The Fisherman's Year

Late winter and early spring

This is the season of the chironomid; midges are the mainstay of the spring fishery on our three lakes. Cruising rainbows and browns can be found at the ripple lines on the lee shores taking both pupae and adult midges. A small black nymph or green pupal pattern can be cast to moving fish on most days from late July onwards when most other fisheries are closed or at the mercy of the cold south-westerly weather patterns of the Roaring Forties.

Evening offers a chance for the dry fly enthusiast to catch a fish on a small dry such as a Greenwell’s or Griffith Gnat size 16 or smaller. This can be some of the most exciting dry fly fishing of the season, trying to control the runs of a large brown in the darkness of a spring twilight as it lunges on the smallest fly and lightest tippet you will use all year. Late spring and warming water temperatures bring the trout into the shallows after scuds and stick caddis, tailing trout are to be found morning and evenings in the shallows and can be caught with a careful approach on nymphs and small wet flies fished static or with a slow retrieve.

Late spring and early summer

The last two weeks of October see the Red Spinner up and on the wing on all the lake margins. The action usually starts at about nine am with the fish actively nymphing in about four feet of water, ten to fifteen meters off shore. At this time you can either fish a nymph pattern or wait forty-five minutes to an hour and fish an emerger pattern as the fish are soon onto the hatching mayflies, at their most vulnerable, and will target the emerger exclusively for the rest of the day, quite often ignoring the duns until later in the day when the hatch slows.
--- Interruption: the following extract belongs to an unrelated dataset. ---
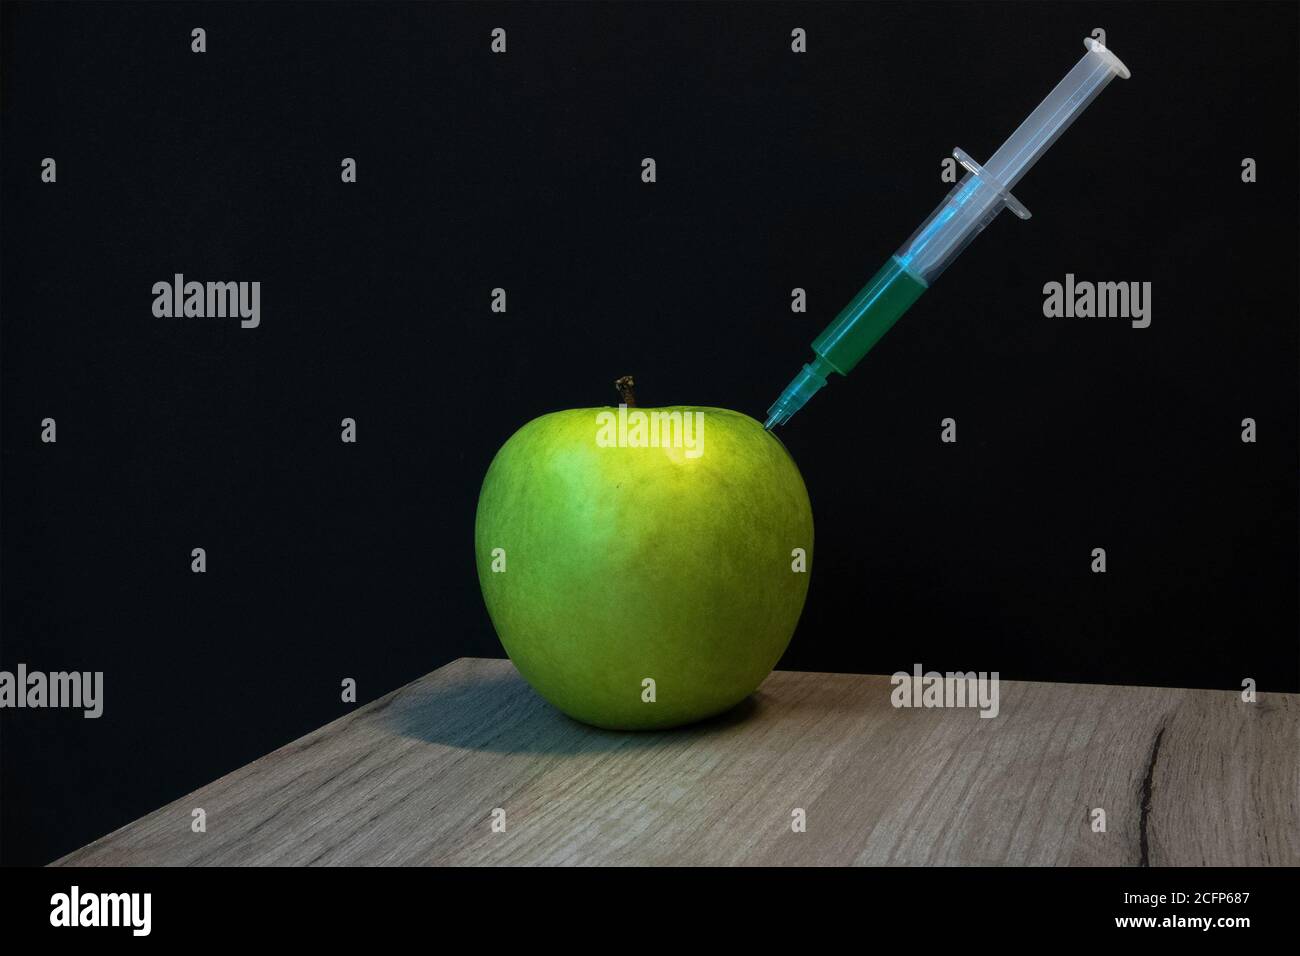 Green apple on a wooden board and syringe inside it extracting green liquid Stock Photo

Mid to late afternoon sees the trout on the spinners as the mating flights of the adults take place on the lee shores of the lakes just outside the pin rush line. Fishing the adult spinner pattern requires a stealthy approach. Use quick casts from close range using a well hackled fly. This is the best way to deal with fast moving jumping fish. This is the quintessential fly fishing experience, which has inspired much of the great writing about our sport.

The evening session at this time of year starts at around six pm, allowing the weary angler to grab a late afternoon break around four pm and come out again for the medley of hatches that are the hall mark of the evening rise at this time of year. The evening begins, and can continue until dark and beyond, with a rise to spent spinners in the quiet corners, the sometimes very large trout, appearing like baleen whales to mop up the exhausted dead and dying spinners enjoying the easy meal in the oily slicks formed on the quiet waters by the day’s wind.

This quiet, almost reverential activity is sometimes broken by the bustle and activity of a caddis hatch with a cast of millions leaving the angler wondering what to do next.

The answer is to go wet and fish a pupa or damp pattern in the surface slowly with the rod pointed directly at the fly. When you feel the take, pause, lift and hang on.

Later in the Evening comes the mudeye migration, calling for the big black and hairy fly rule and a heavier tippet rule to be invoked as this one brings up the lunkers! The dam faces and timber lined shores being the hotspots for this hatch that will continue until midnight and is the best chance of a double figure trout at this time of year.

Thankfully the next day’s fishing doesn’t have to start until ten am, allowing the weary angler to get at least some sleep between the disturbing thoughts about rise forms the size of dustbin lids and sinister aquatic noises out on the dark lake.

Late summer and autumn

After the hectic activity of the main mayfly hatch, late summer can be seen to be the best of the seasons fishing with the trout’s attitude to surface food well and truly entrenched, they are now really looking up and expecting to find food, this is the time of the Damsel fly.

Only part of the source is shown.